В тебе мое счастье, в тебе моя жизнь и отрада!
Краса твоя — свет, и не знаю я света другого,
Господь да хранит ее вечно от глаза дурного!
Своей красотою свела бы и камень с ума ты,
Склонились в саду все цветы пред твоим ароматом.
Сравненье для глаз и бровей отыщу нелегко я,
Твой стан изумляет сосну, не дает ей покоя,
Кудрей черноте позавидует мускус татарский,
И солнце с луною упали к ногам твоим царским.
Пускай же минуют тебя и печаль и ненастье,
Пускай не покинет тебя безмятежное счастье.
Тобою живу я, тобою дышу каждый день я,
Ужели достоин за то я пренебреженья?
Послушай совета, добычу напрасно не мучай,
Тебе ведь, жестокая, выпал счастливейший случай.
Сорви же плоды своей юности, время настало.

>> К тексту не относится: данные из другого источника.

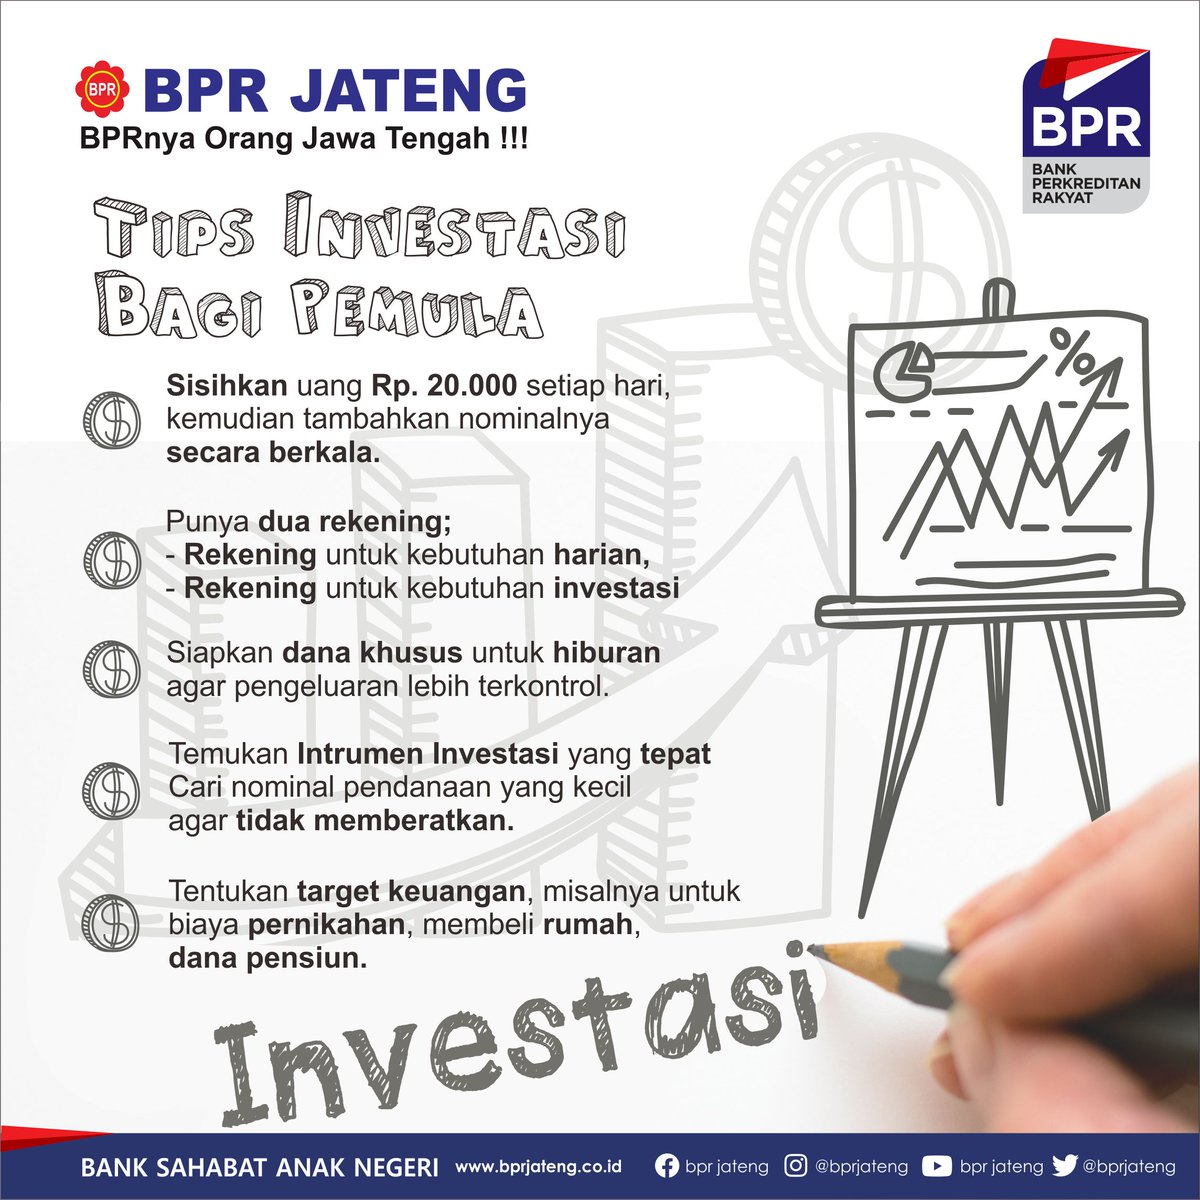 Berbagi Tips investasi ke masa depan yang lebih baik... semoga bermanfaat > > >  #investasi #tabungan #bprjateng #semarang #rumah #danapensiun #Indonesia #KreditCepat #kreditmudah #Kreditmurah #Semangat #finance #jatenggayeng #jateng #jawatengah #bank #bpr #bankperkreditanrakyatpic.twitter.com/U3P0zxk8Lu
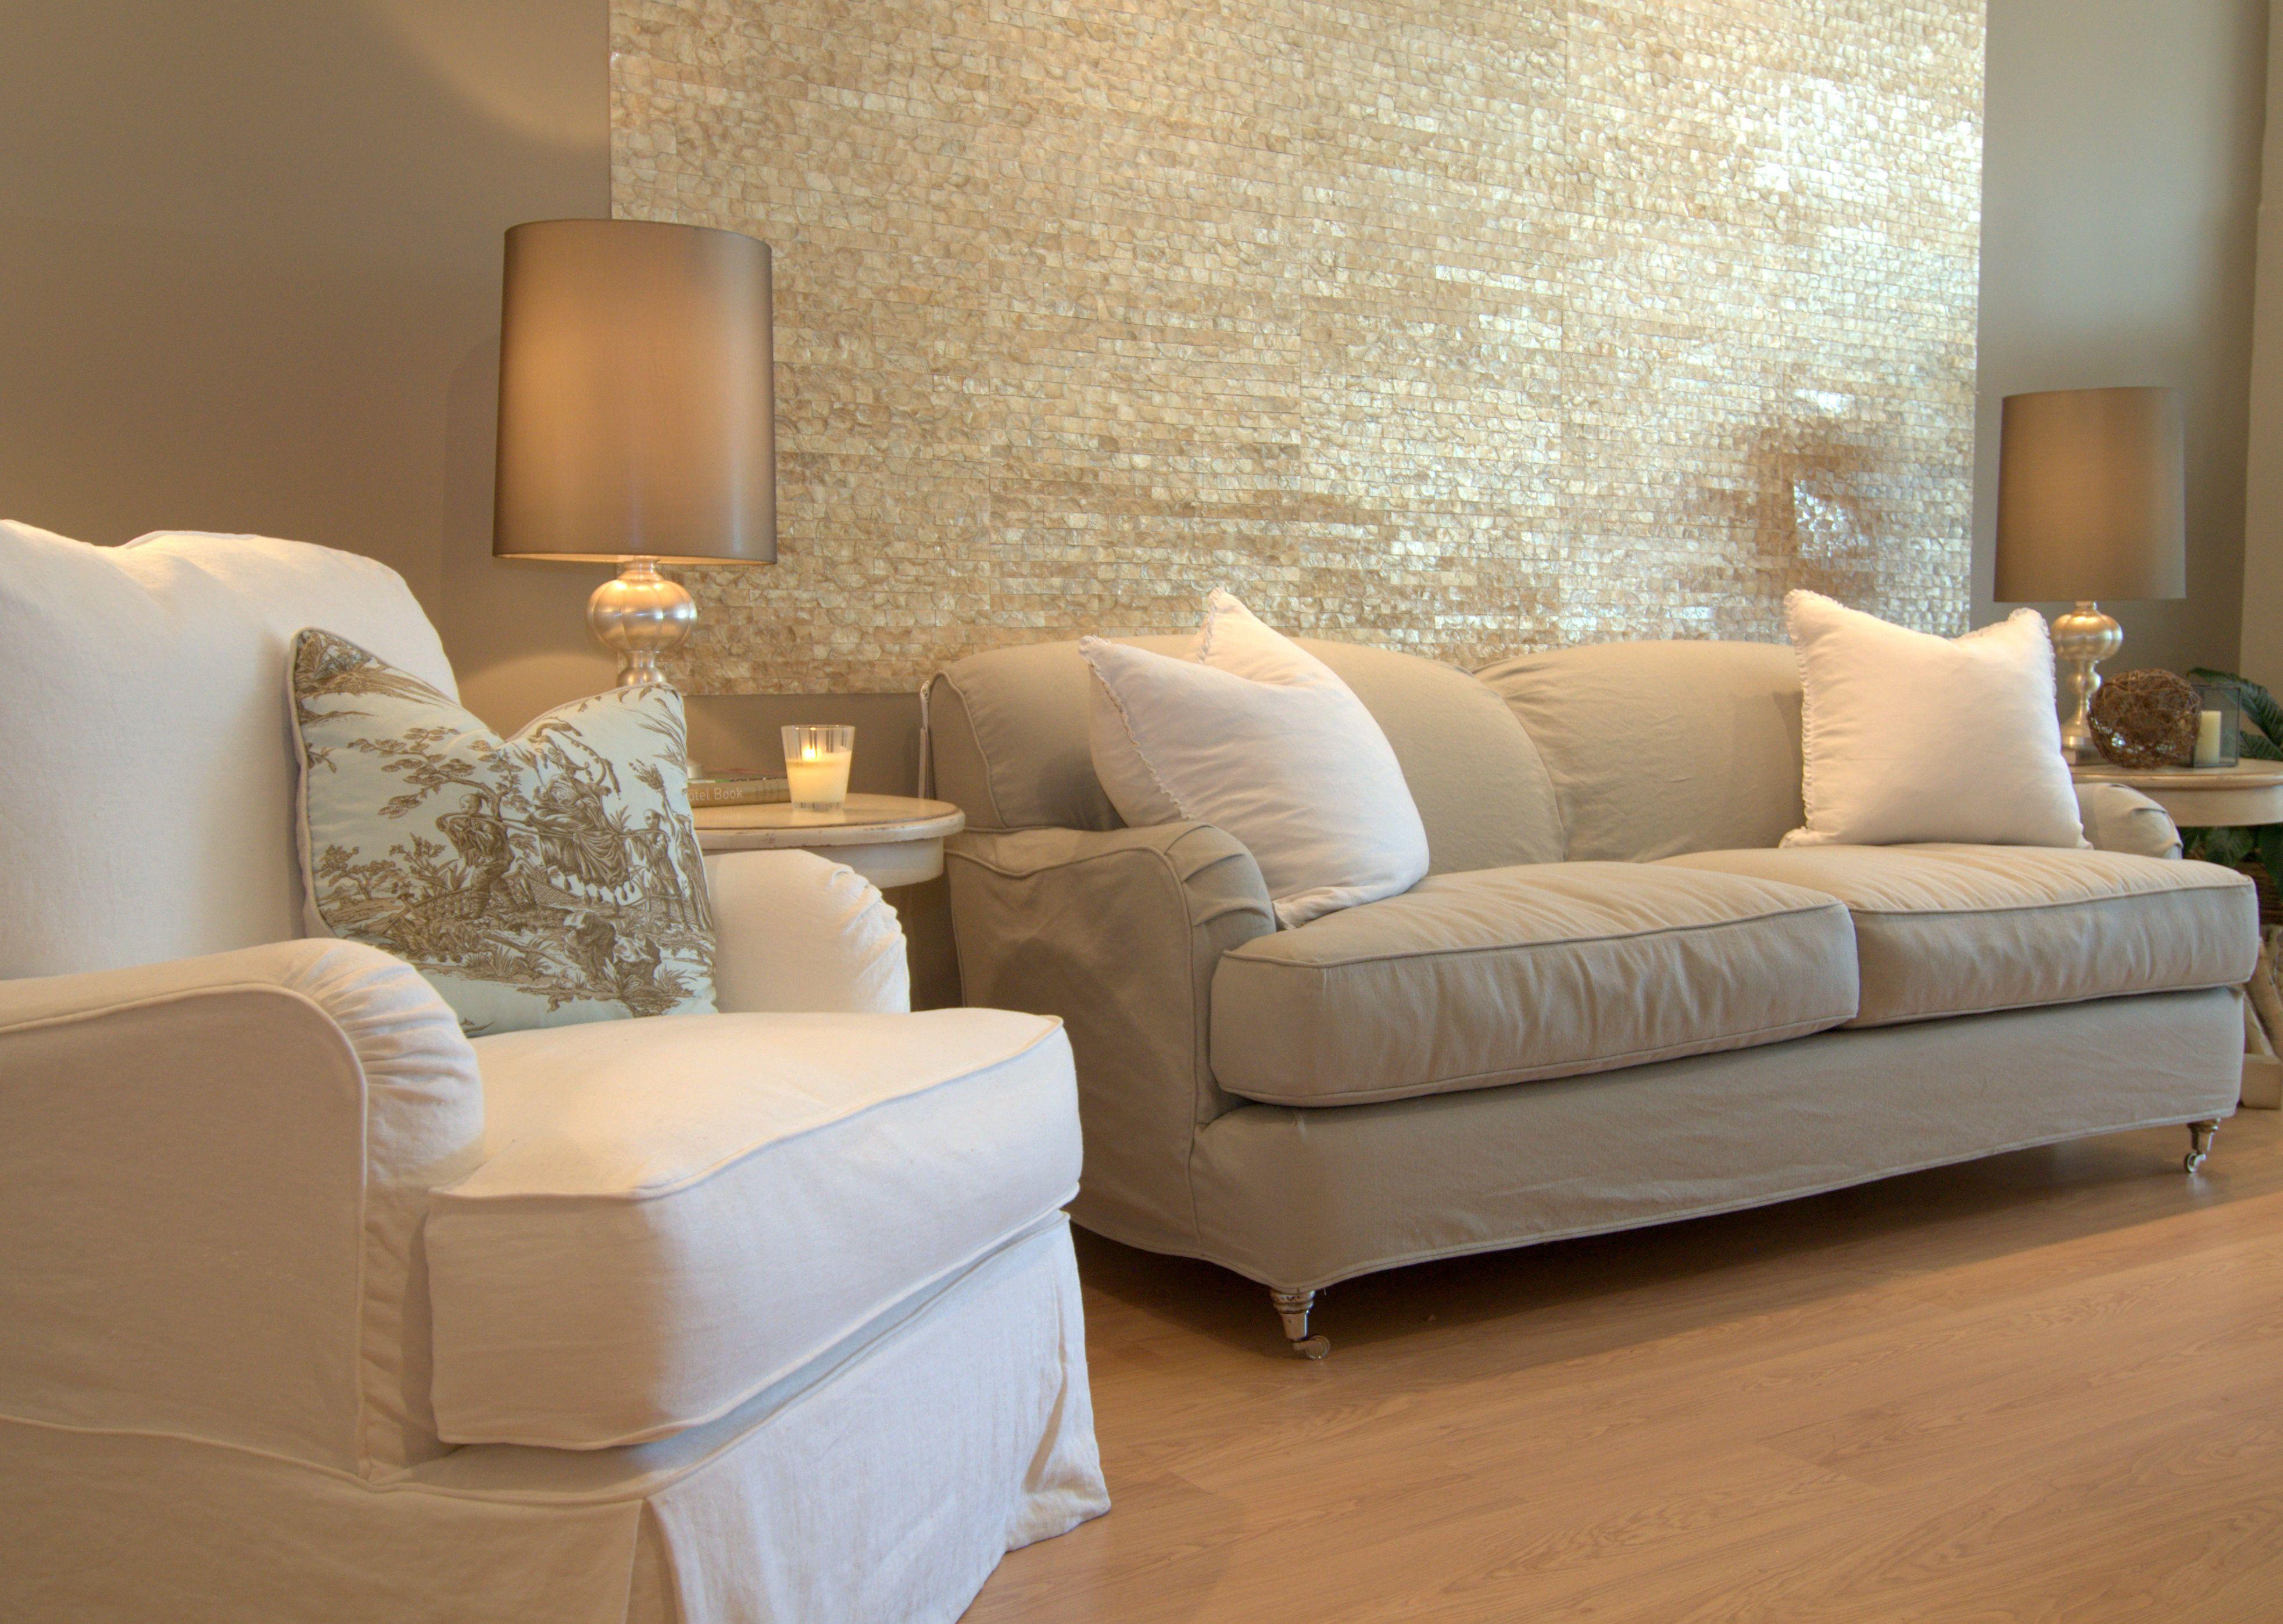 Captivating Quatrine   Birmingham. London Sofa And Milan Chair

Возьми же у времени радости, их ведь немало.
Взгляни, ведь любовью наполнена юность любая.
А старости игры любовные не подобают.
Ведь если ты смолоду счастье любви не познала,
Твоя быстротечная юность напрасно пропала.
Нельзя быть небрежным, поверь мне, с людскими сердцами,
От этой небрежности часто страдаем мы сами.
Самих же жестоких жестокость подчас убивает.
У тех, кто всегда дружелюбен, врагов не бывает.
И прав был тот мудрый, слова, словно жемчуг, низавший [160]
На нити стиха и стихами прекрасно сказавший:
„Коль на товары покупатели нашлись,
Хоть посреди реки — от них освободись“».
Возлюбленная отвечает посланцу
Но, выслушав это, сказала красавица птице:
«О мудрый орел, понапрасну ты будешь трудиться.
Ведь я же свеча, и вокруг мотыльки так и вьются.
Они не боятся огня, но они обожгутся.
Что толку рассказывать мне о каком-то несчастном.
Напрасно послал он тебя и страдает напрасно.
Змею не хватает руками и самый беспечный,
И другом едва ли окажется первый же встречный.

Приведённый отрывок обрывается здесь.